Salí de la secundaria temprano hoy, viernes, con algunas fichas en los bolsillos para ir a la miscelánea a jugar un rato en las maquinitas. Tenían una antigüedad con el legendario Snow Bros. (…)
Todos los rapaces estábamos entusiasmados con aquellos monitos de nieve que escupían energía, saltaban torpemente, convertían a sus enemigos en bolas de nieve, batallando contra demonios, sapos, calabazas fantasmales. Toda una odisea electrónica de la era nostálgica.
Ninguno de los ahí presentes presenció la caminata del Soldado, se rumoraba que estaba muerto, pero no era claro que muriera por la policía; ellos nunca matarían a alguien, no, claro que no. Mucho menos a un delincuente como él, que trabaja para el mejor postor. Estaba pedo, bastante perdido, si acaso no caía de repente, era porque un poder sobrenatural lo poseía. Fue ahí entonces, en esa visión que vi que era un fantasma; sentí lo mismo cuando observé al Samurái en el otro lado de la acera. Todo mi campo de visión era ahora en widescreen y la percepción corneal se agudizó hacia el costado, tiñéndose además de grises intensos los colores de la imagen.

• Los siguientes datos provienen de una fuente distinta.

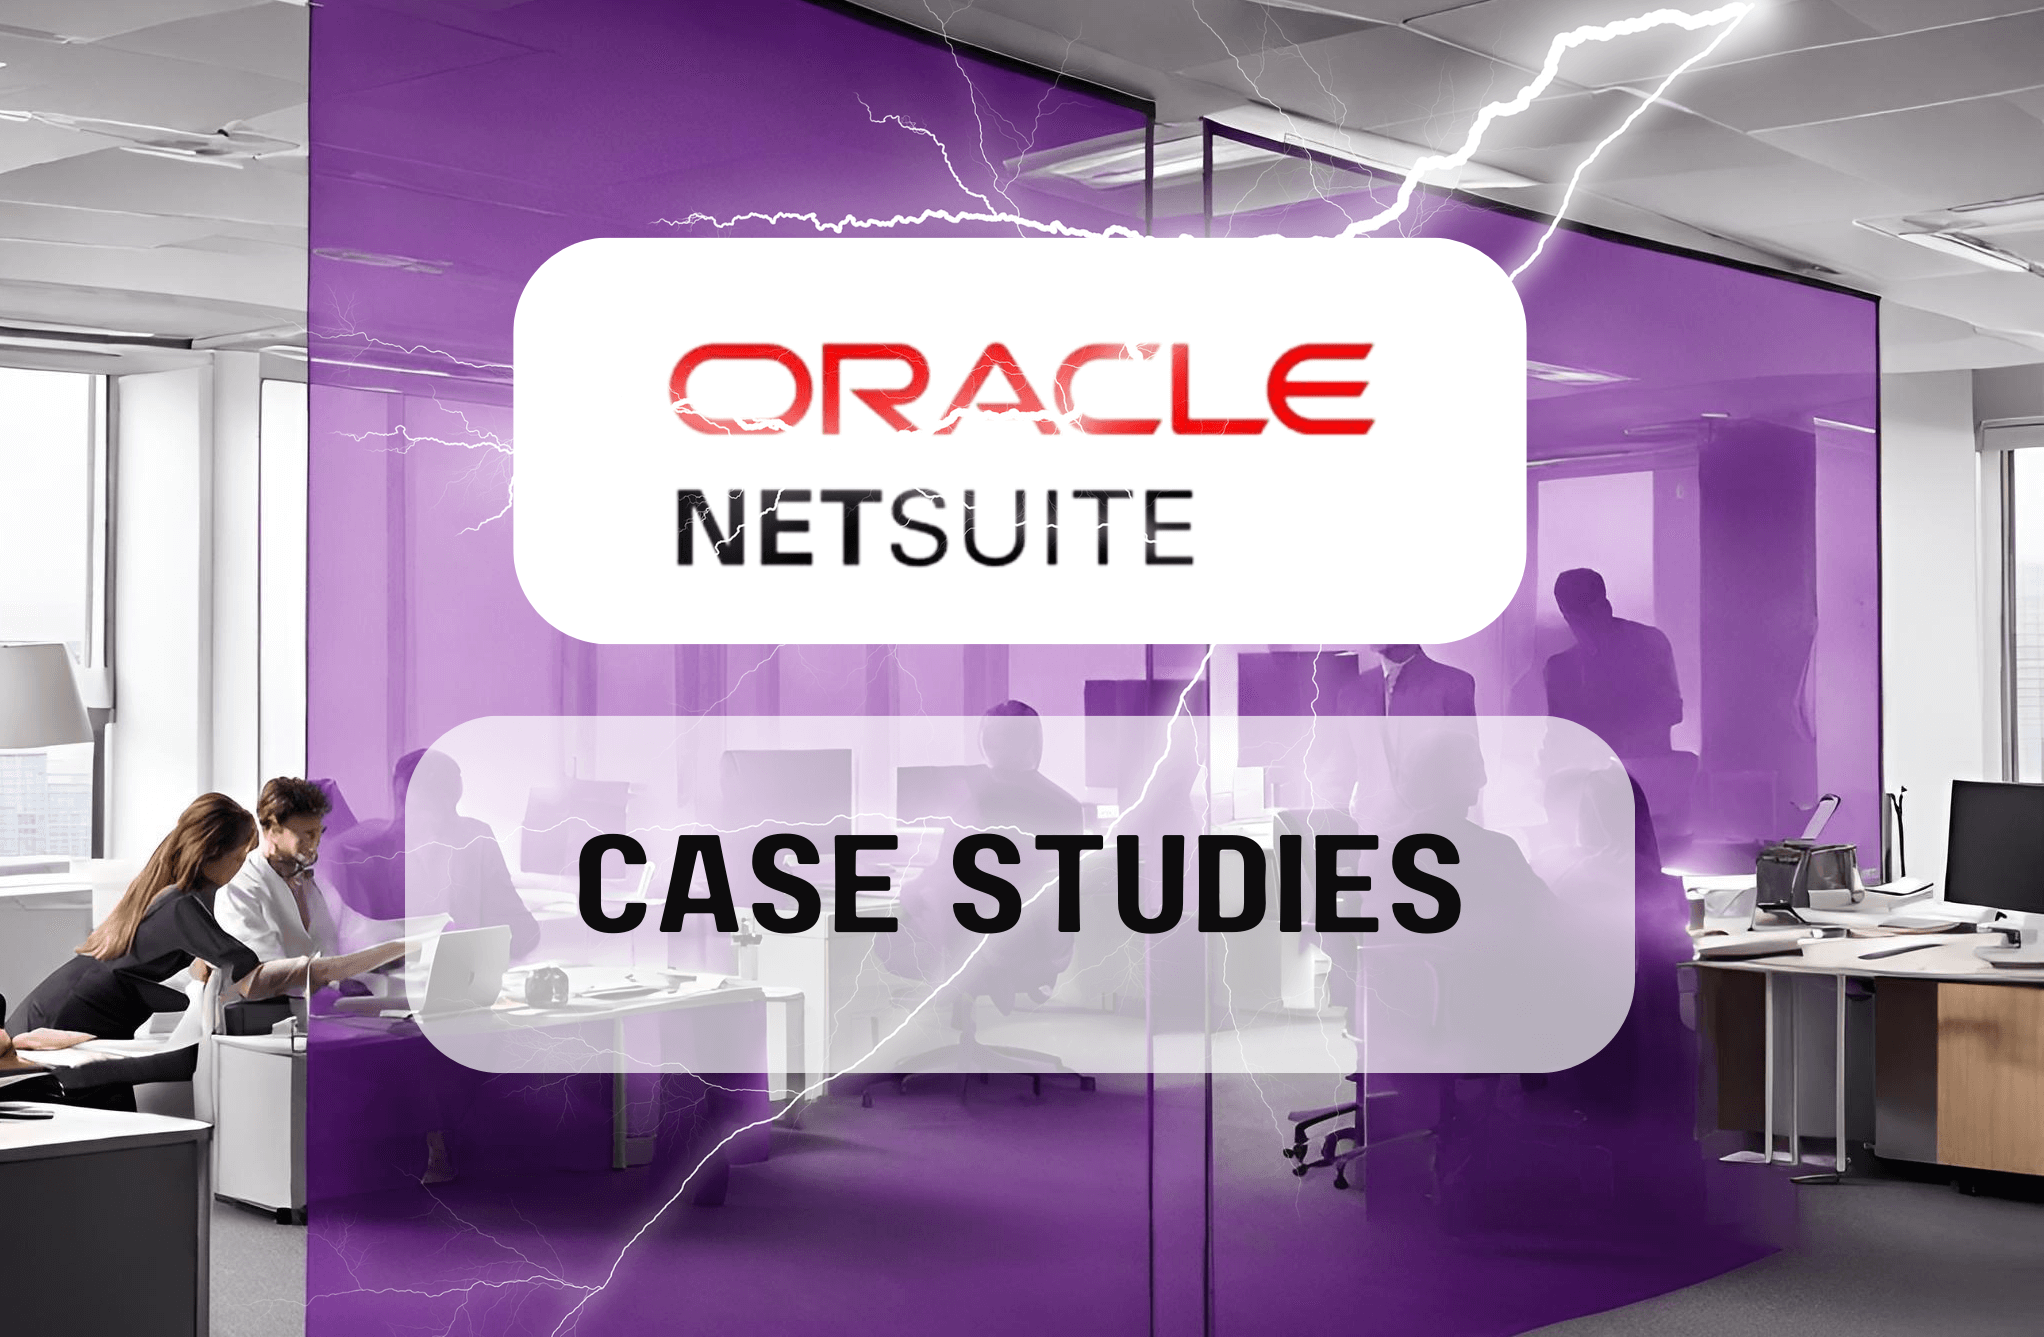 Which companies use NetSuite? 5 NetSuite Case Studies Revealed

Atrás distintos murmullos alcanzaba a escucharse:—El Soldado retó al Samurái a un duelo a muerte.
—Que al Samurái lo contrataron los mismos sicarios que contrataron al Soldado para que entre los dos se mataran.
—Se disputan la plaza.
—Que el Soldado mató a la viejecita que le daba trabajo al Samurái.
—¡Miren, la trae en su carrito de quelites!

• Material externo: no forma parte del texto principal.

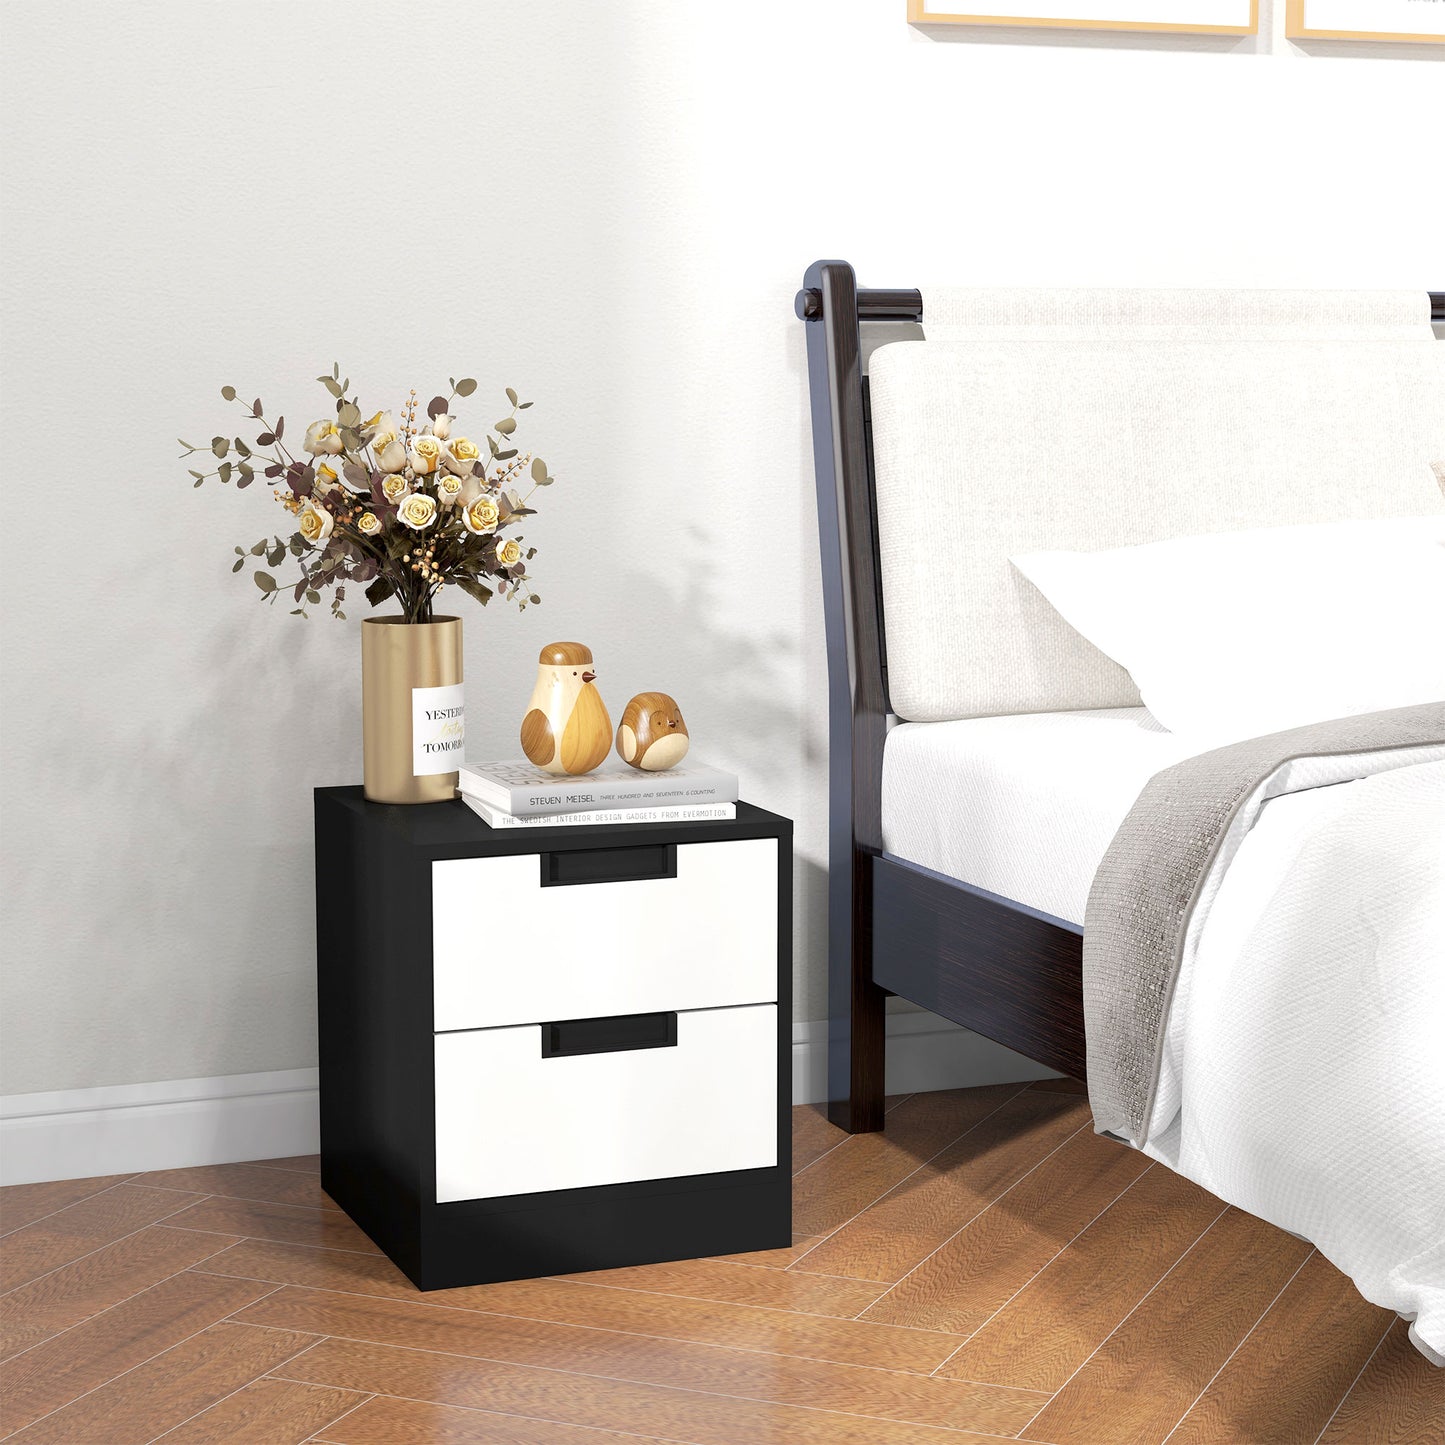 HOMCOM Bedside Tables Set of 2, Nightstands with 2 Drawers, Modern Bedside Cabinets with Storage for Bedroom, Living Room, White and Black

La anciana era un pequeño bulto, su rostro estaba bañado de sangre, la cobija que la resguardaba también. Dio unos pasos firmes, no muy rápidos, pero tampoco lentos, seguros hacia el Soldado; éste temblaba como un coyote, sacó de su pantalón un revolver y le descerrajó tres tiros. El otro los recibió de pleno, continuó hacia el Soldado y lo decapitó con un fino tajo de su machete.
Del torso el cómico chorro de sangre salió disparado hacia el aire. El cuerpo cayó al suelo. Con los tobillos el Samurái giró hacia nosotros, su respiración era agitada, su frente estaba empapada de sudor, igual que su pelo. Levantó el machete en noventa grados y con un grito se encajó el oxidado fierro en la boca del estómago. Como si no fuera suficiente, de su cadera una pequeña cantimplora colgaba, la tomó con suficiente fuerza, la destapó y se mojó; sacó un encendedor y un fuego naranja, de negro humo, lo envolvió.

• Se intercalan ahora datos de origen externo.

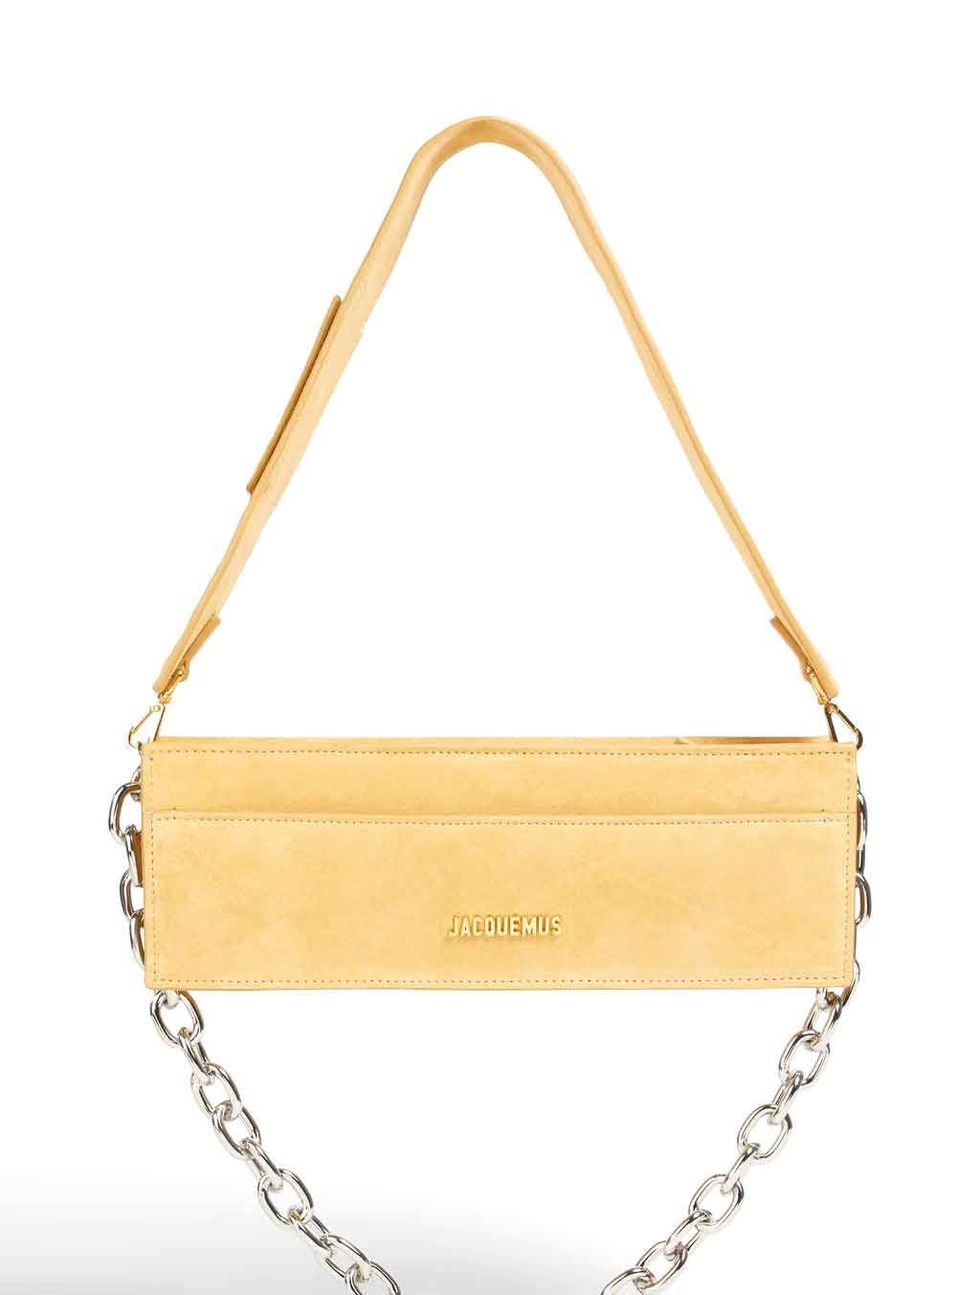 Aesther Ekme Dusty Yellow Mini Sac at Baby & Company

Pasaron los días y las cosas cayeron bajo su propio peso, todo siguió igual, lo que había pasado era ya anécdota para otras generaciones. A nosotros todavía nos quedaban más noches bajo las estrellas, rodeando el tambo de basura, calentándonos los huesos. (?¡% + *}{*) Error de discontinuidad, revisar las aplicaciones pendientes.